In this study, the difference between the mean measurements for version in AP hip and pelvis radiographic views was lowest in Lewennick method, while the highest difference was in Ackland and Widmer measurements. The highest value was 3.17 degrees in Ackland method measurements in cemented cups and 2.78 degrees in uncemented cups. Also, measurements by Widmer method showed a difference between AP-H and AP-P view of 2.3 and 2.05 degrees for uncemented and cemented cups respectively, and this can explain why these two methods were found inaccurate for measurement by Nho et al.
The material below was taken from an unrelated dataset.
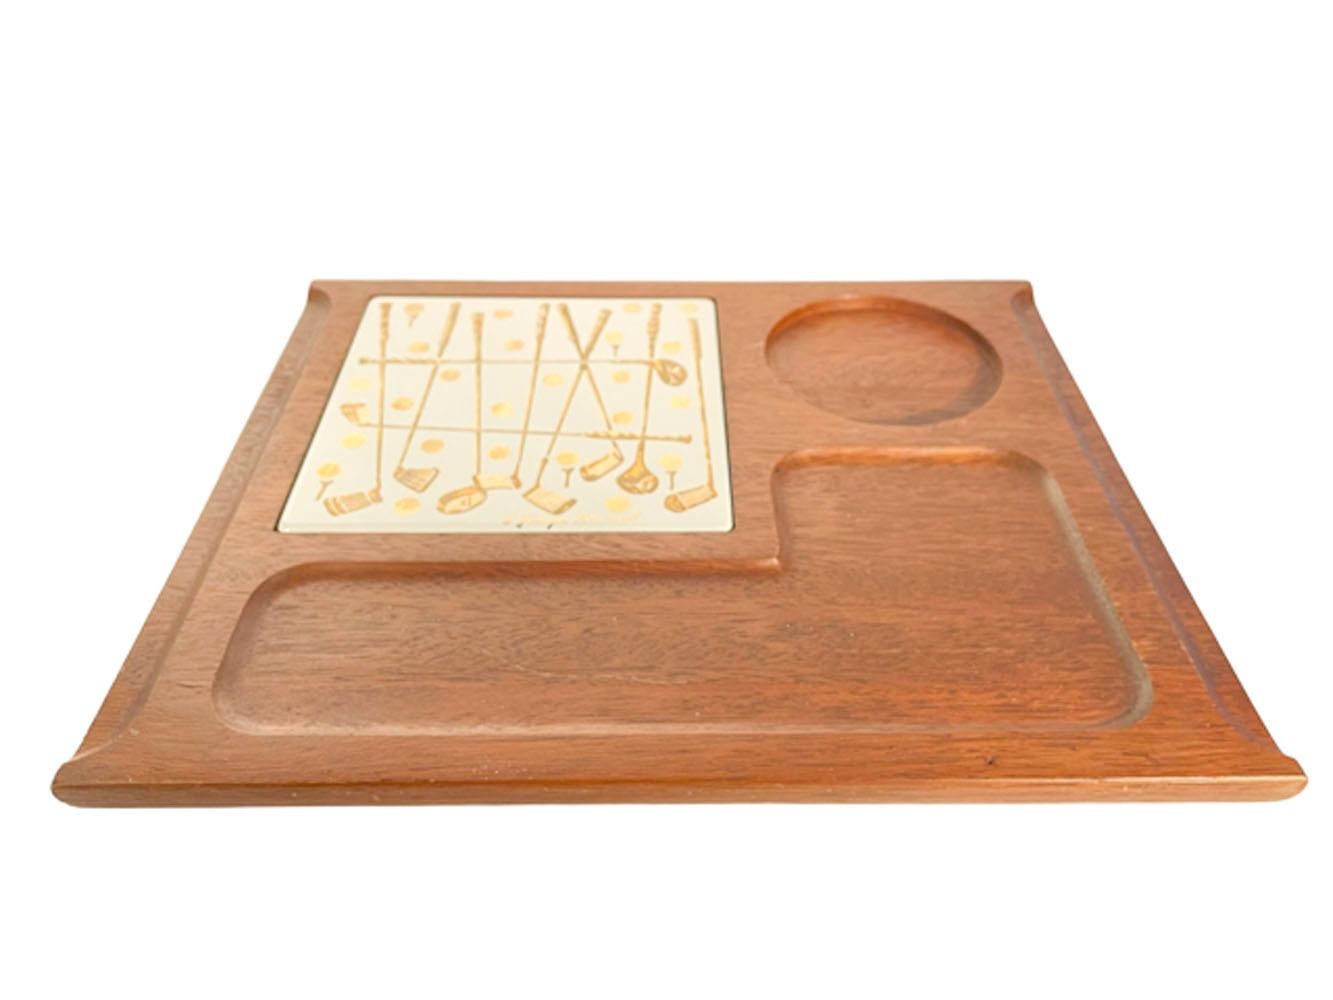 Georges Briard designed cutting board in walnut with a white inset tile cutting surface decorated in gold in his

Although these methods could be beneficial, their use for the purpose of postoperative measurement of acetabular cup anteversion still has some limitations:

  1. 1.

    The most important limitation is the inability of the different methods that utilize the A-P view of plain X-ray to differentiate between anteversion and retroversion. Due to their two-dimensional nature, they cannot identify the direction of the cup without the need to do additional lateral or oblique views.

  2. 2.

    The accuracy of these methods depends strictly on the positioning of the patient at imaging. This standard positioning of the patient cannot be ensured at all times due to different patient or technician-related factors.

  3. 3.

    It was somewhat difficult to find the ellipse of the cup when anteversion of the uncemented cups was measured while it was easy in the cemented cups due to the presence of radio-opaque wire.

Conclusion and recommendations

Plain A-P radiographs can provide a simple, useful, and reliable tool for measuring the acetabular cup anteversion.

For most accurate radiographic measurements of cup version, this study shows that both Lewennik and Liaw methods are more accurate in both hip and pelvic views, while Hassan et al. method gives more accurate measurements in the pelvis view and both Ackland et al. and Widmer methods are more accurate in the hip view.

The CT measurement of the acetabular cup anteversion still has some superiority as it does not depend on the patient’s position and can differentiate the anteversion from retroversion.